Discipline for School-Aged Children
Discipline is important for all children, no matter how young or old. Discipline should not mean punishment, but rather the time spent teaching and protecting your child. The overall goal is to keep your child safe by teaching self-control and the difference between acceptable (right) and unacceptable (wrong) behaviors. Most children begin to learn self-control around 3 or 4 years of age, but continuously benefit from some external controls on their behavior.
With a variety of ways to discipline a school-aged child, you will probably end up using most, if not all of them at some time or another.
- Use natural consequences. Your child can learn by seeing the natural consequences of his actions. For example, if he breaks a toy in anger, he will no longer be able to play with it. If he is careless and loses his favorite scarf, obviously he will no longer be able to wear it.
- Use logical consequences. Some unacceptable (wrong) behaviors have no immediate or obvious natural consequences. In these cases, you should determine consequences that are logically related to the misbehavior. For example, you might tell your child that if he does not pick up his toys before bed, then you will put them away and he will not be allowed to play with them for one whole day.
- Delay a privilege. If your child is refusing to complete a necessary task, tell him that he cannot do something else that he enjoys until after he finishes. For example, say, "After you finish your homework, you can watch one television show."
- Use "I" messages. Tell your child how you feel when he misbehaves. Start your sentences with "I." For example, "I get upset when you throw the ball in the house." Just like an adult, your child is more likely to not listen and be defensive to messages that start with "you," such as, "You upset me when you throw the ball."
- Discuss things in family conferences.
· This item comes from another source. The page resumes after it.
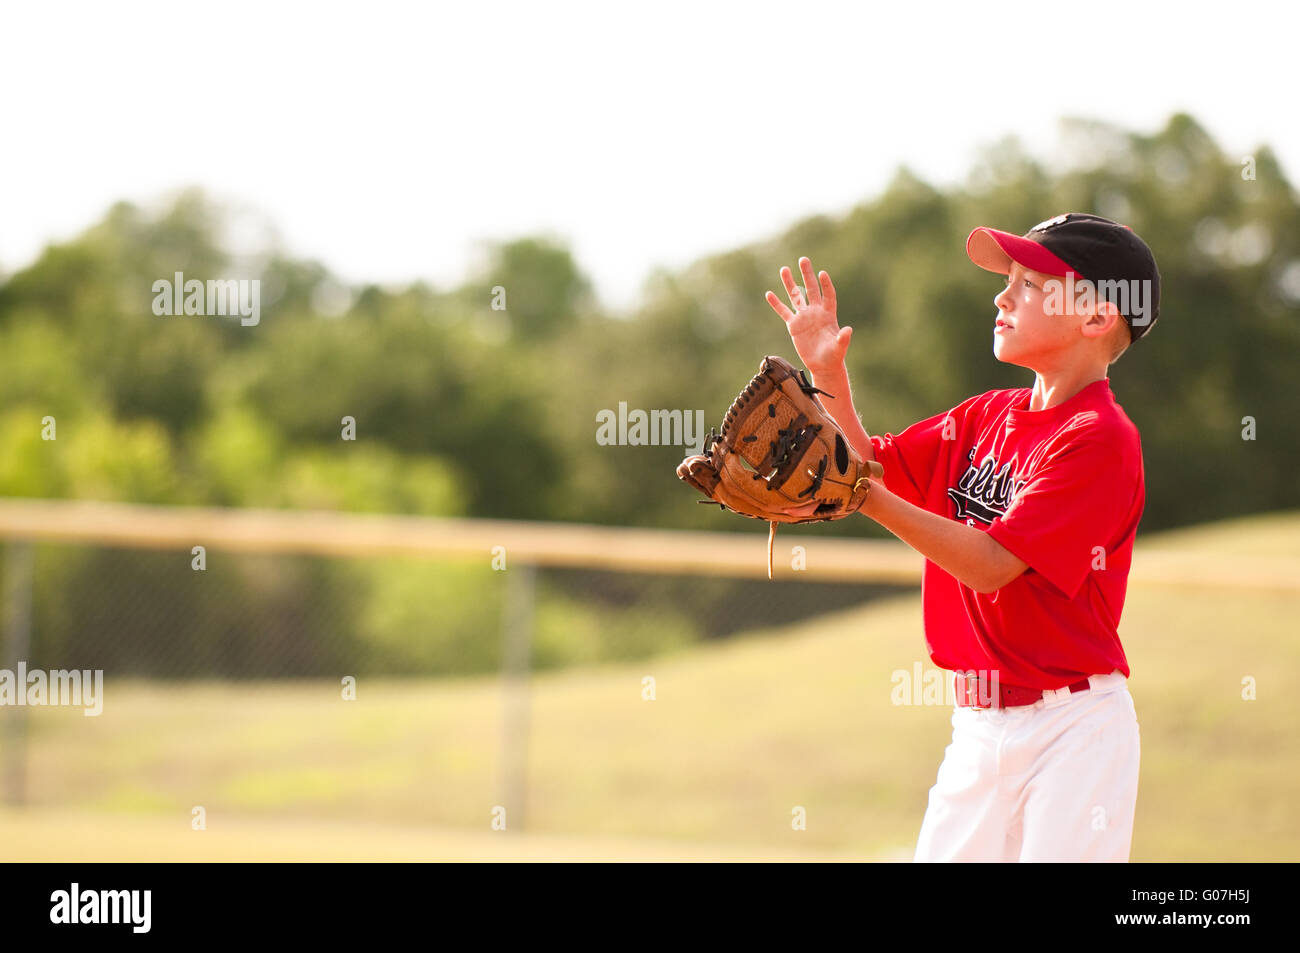 American Baseball Cap Stockfotos & American Baseball Cap Bilder ...

As children get older, they want to negotiate and help to find solutions to problems, rather than being told what to do. When a problem arises, ask your child for suggestions about how to handle it. For example, "We are not getting out of the house on time in the morning. What do you think we could do to change this?" Some discipline techniques stand the test of time, meaning that the same techniques can be helpful for younger and older children alike.
- Limit opportunities for temptation. Although discipline involves setting and enforcing limits of acceptable behavior, it also means preventing problems before they happen. One of the best ways to keep your child safe is to thoroughly childproof your house.
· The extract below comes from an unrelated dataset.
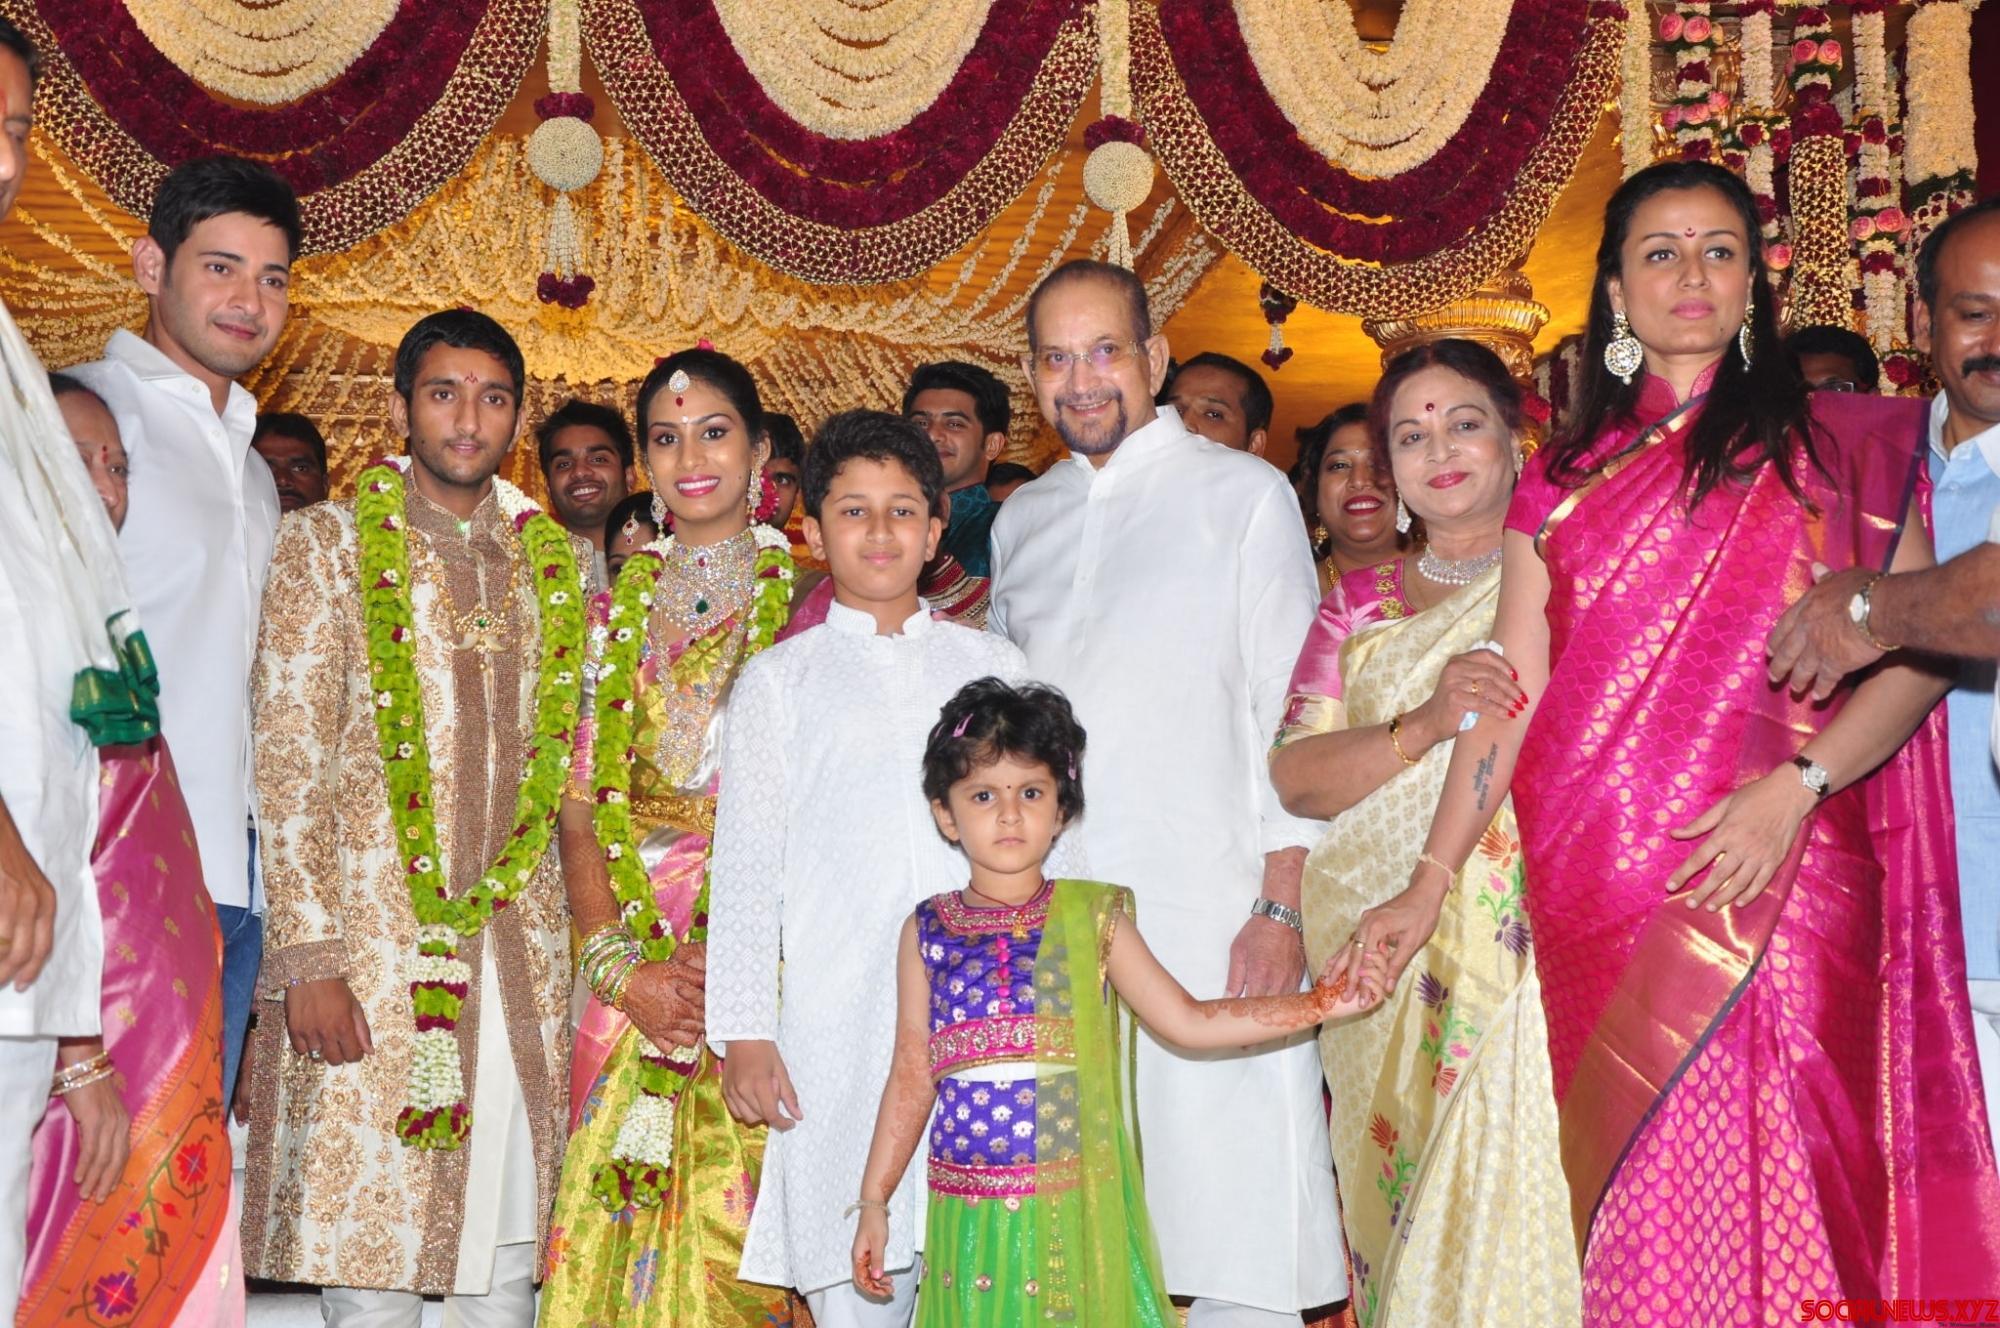 Telangana, Andhrapradesh, India Politics, Movie Reviews Actor sarath babu family photo

- Ignore harmless behaviors. You can simply ignore unacceptable behaviors that are harmless, such as temper tantrums, whining or interrupting.
- Shift the focus. Try shifting your child's attention away from trouble, toward a different, safer activity.
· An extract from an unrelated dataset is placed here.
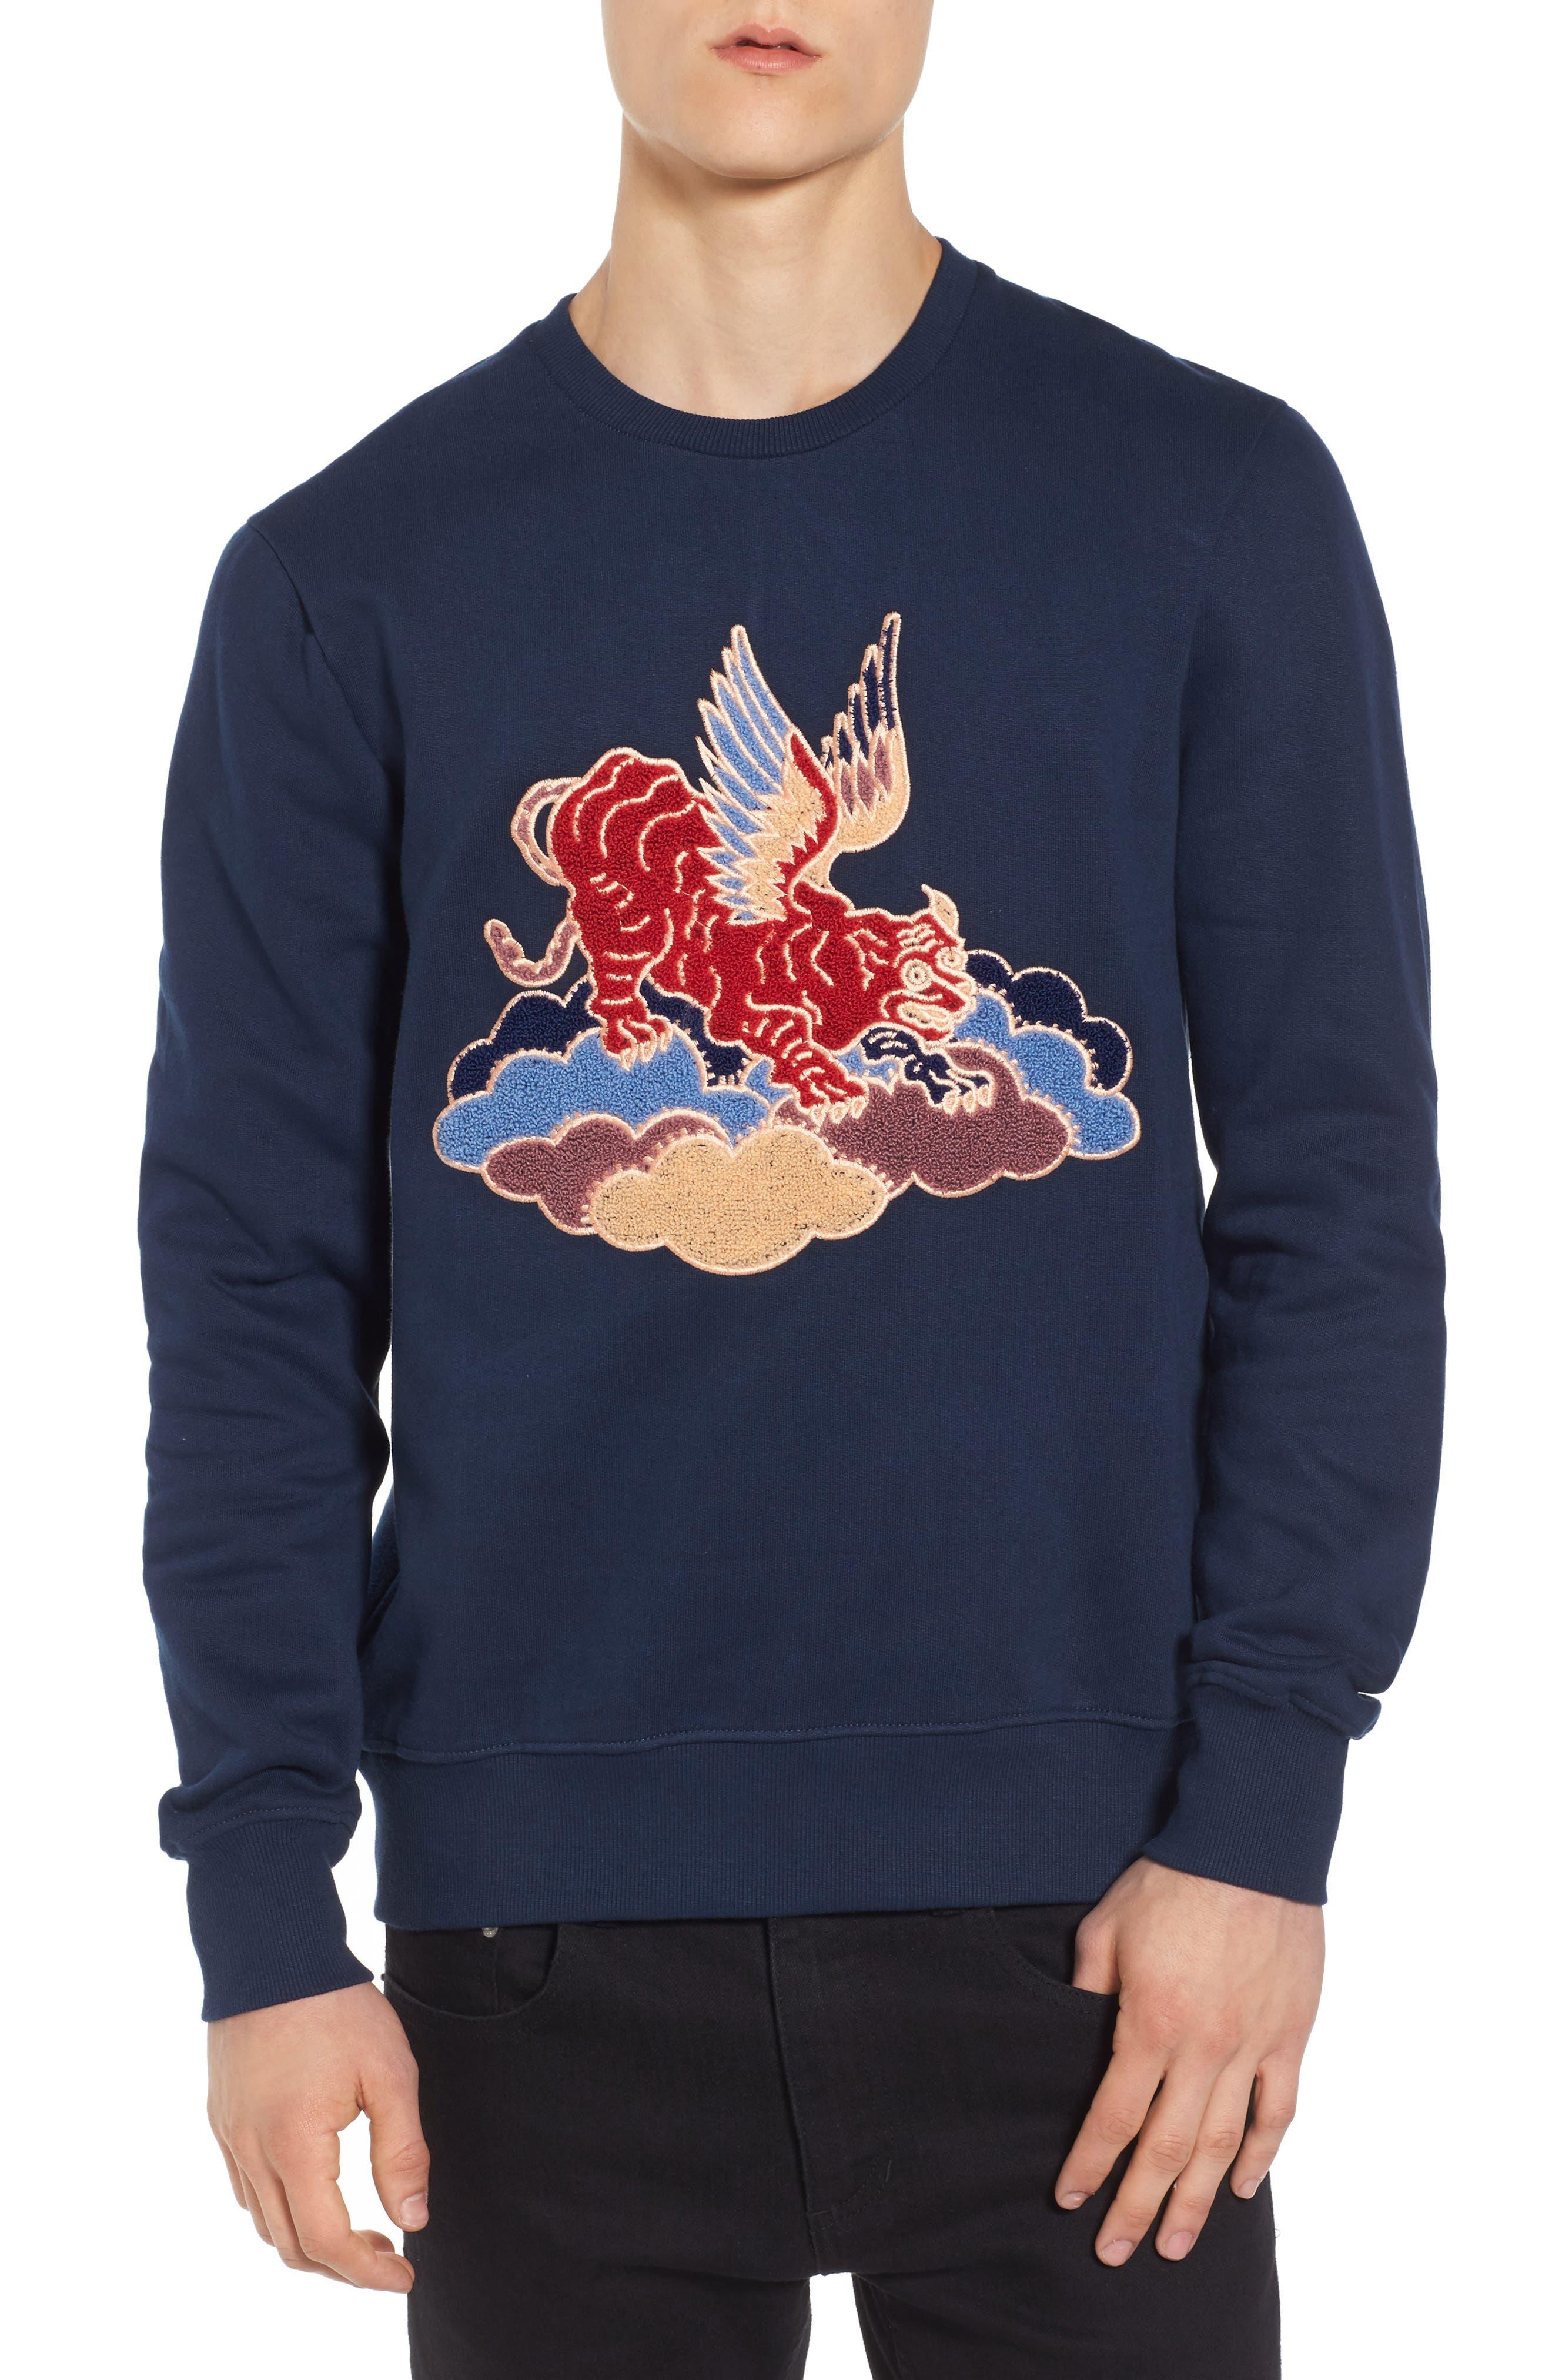 Alternate Image 1 Selected - ELEVENPARIS Nokat Appliqué Sweatshirt

- Express your disapproval. Go over to your child, look him straight in the eyes, and say, "no" or "stop." Tell him what he should not do and why he should not do it. In many cases, this is all that is necessary to stop an unacceptable behavior. You should also tell your child what the consequences would be if he does it again.
- Move your child. Sometimes you may need to physically move your child away from a tempting situation or toward a desired activity. For example, you actually may have to carry your child into the bathroom for his bath.
- Give time-out. Time-out can be used with children as young as 1 year of age. It involves taking a "break" away from a difficult situation and spending time in a less-appealing place. The peak ages for using time-out are 2 to 4 years, but time-out may be useful occasionally for older children, giving them more focused time to think about their actions.
Other things to keep in mind:
When setting limits, it's important always to be consistent. Rules should be the same for every caregiver of your child (grandparents included), and these rules must stay the same from one day to the next. When enforcing rules, keep a straight face. Laughing when your child misbehaves doesn't send a message of disapproval; your child might not take you seriously, now or the next time.
Many parents feel like they are constantly saying "no" to their child. Consider re-evaluating which issues are worth a battle and which are not. Certain aggressive behaviors such as hitting and biting are unacceptable, but you may want to think about taking a more relaxed approach with other issues — maybe it isn't so important to pick up every toy in the family room before bed. Remember, your ability to remain calm and flexible will influence your child's future actions as well.
What about spanking? While it may seem like spanking solves an immediate problem, studies have shown that spanking isn't as effective in changing long-term behaviors as positive reinforcement and other forms of discipline are. In fact, spanking may actually make kids more aggressive in the future. Try the other forms of discipline described above instead.
One final thought that can be key to making positive changes in your child's behavior: Catch 'em being good! Make sure that you regularly reward acceptable behaviors. When you see your child doing something that you like, hug him, smile at him and praise him. Children want their parent's attention and can be taught that positive behaviors are the best way to get that attention and make you proud of them.